A summary of research published in the European Respiratory Journal

Children who have chest infections in the first five years of their life have a higher risk of developing asthma by the age of 7, according to new findings.

The study aimed to look at how lung infections – both in the lower and upper airways – had an impact on the immune system and lung function as children grew up.

 

What did the study look at?

Researchers looked at information from 150,090 children in the EU. They examined whether children had any infections between the ages of 6 months and 5 years old. They then looked at lung function measurements and any diagnosis of asthma between the ages of 4 and 15 years.

What do the results show?

The results found that children who had infections in the lower airways were more likely to have poorer lung function compared to their peers. Lower airway infections are those that affect the lungs and the tubes and air sacs within them – commonly called chest infections.

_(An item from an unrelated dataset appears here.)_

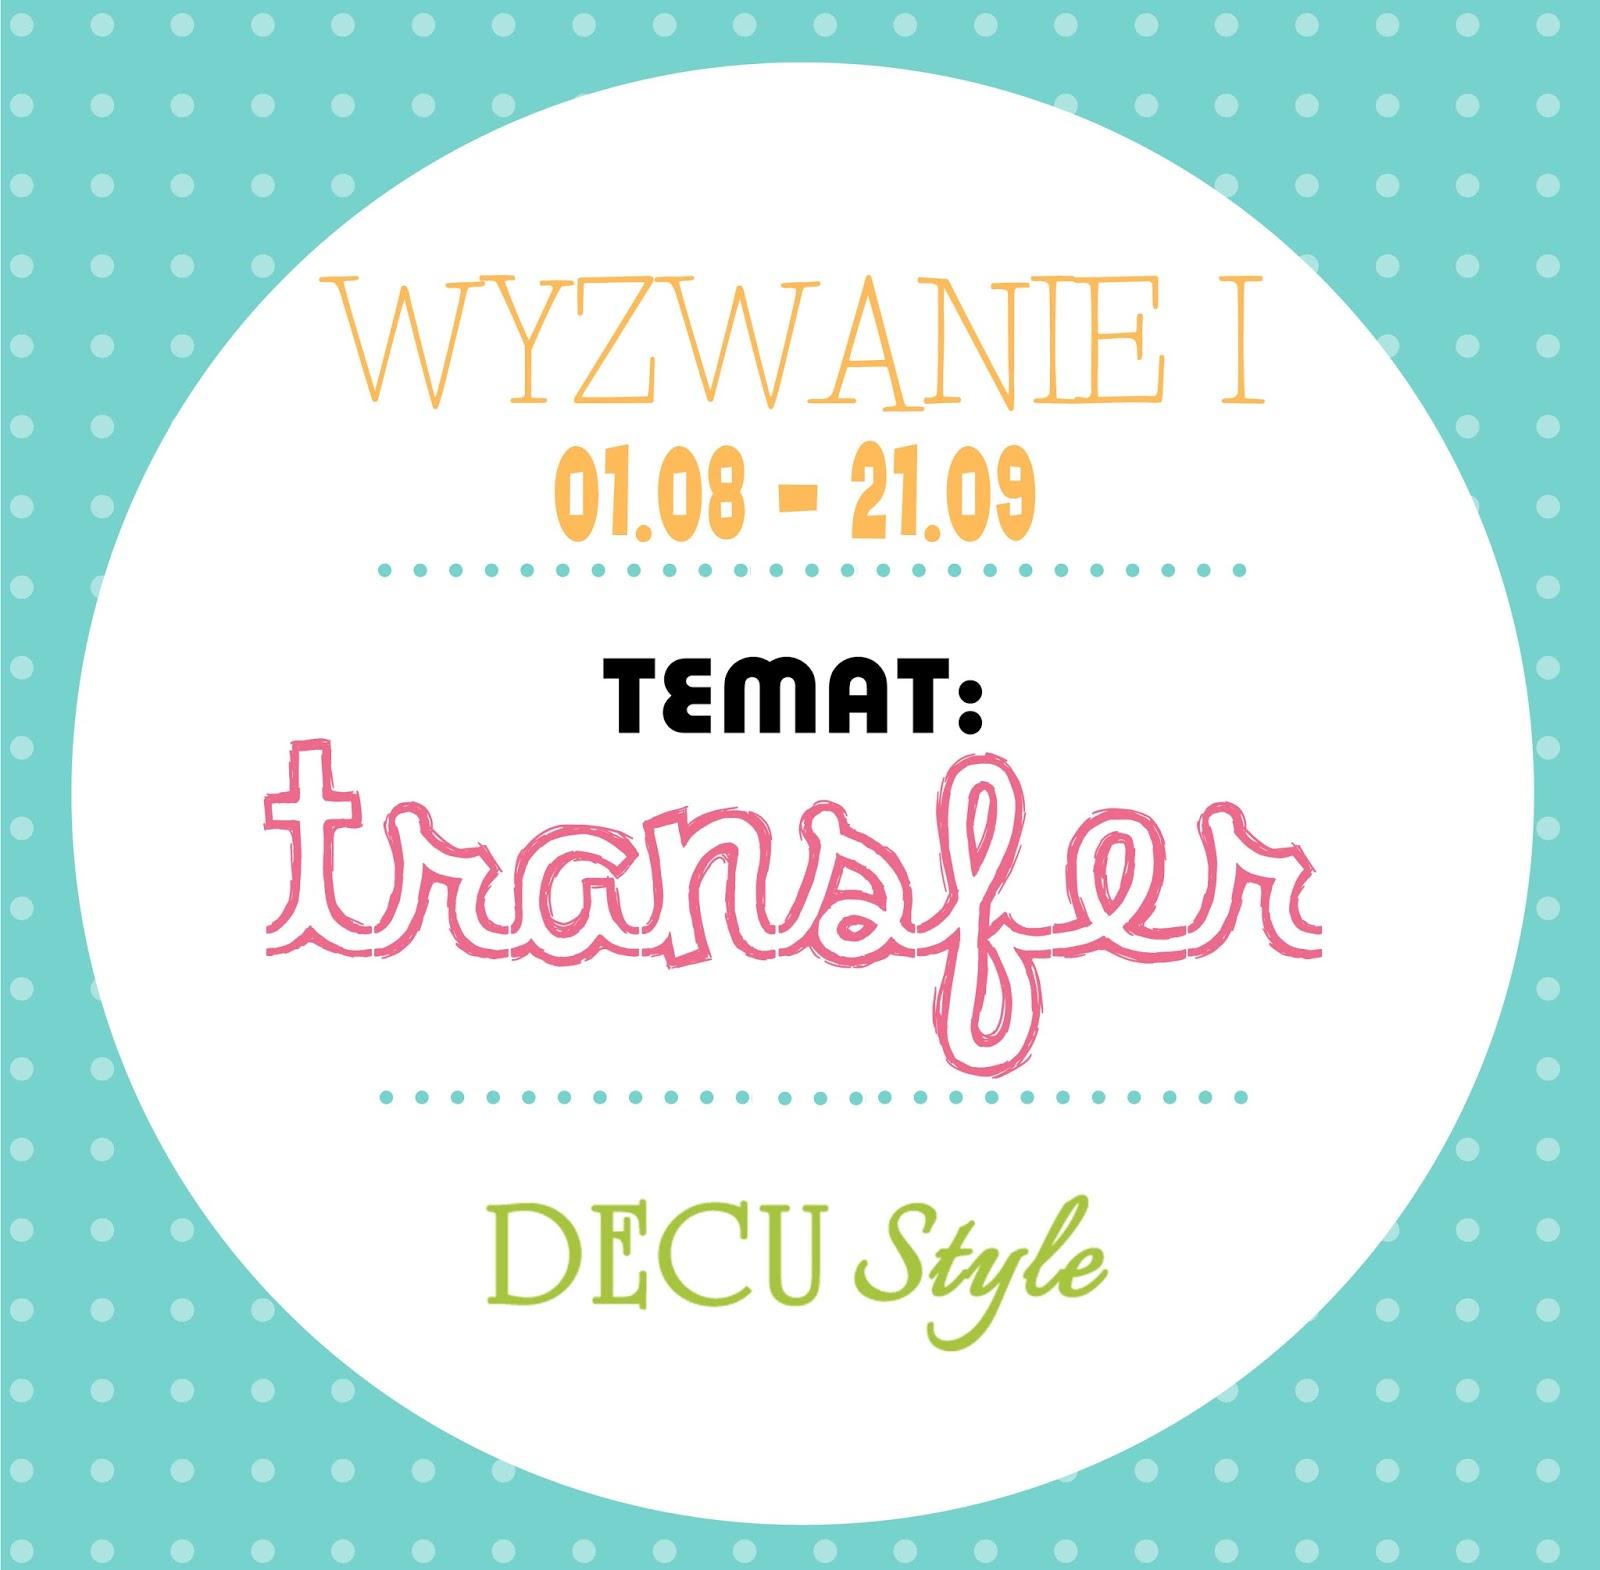 http://decustyle.blogspot.com/2014/08/wyzwanie-i-transfer.html

Children with lower airway infections also had an increased risk of developing asthma compared to those who had infections that only affected the upper airways. Upper airway infections affect the nose, mouth and throat – known as the common cold. Children who experienced upper airway infections also had an increased risk of asthma later in childhood, but not as much as those who had lower respiratory infections.

Why is this important?

These findings shed light on how early life infections can have an impact on the development of the lungs and the immune system. The strongest links were seen between infections in the lower airways. This suggests that these infections could have a direct effect on the development of the lungs and the development of long-term lung conditions later in life.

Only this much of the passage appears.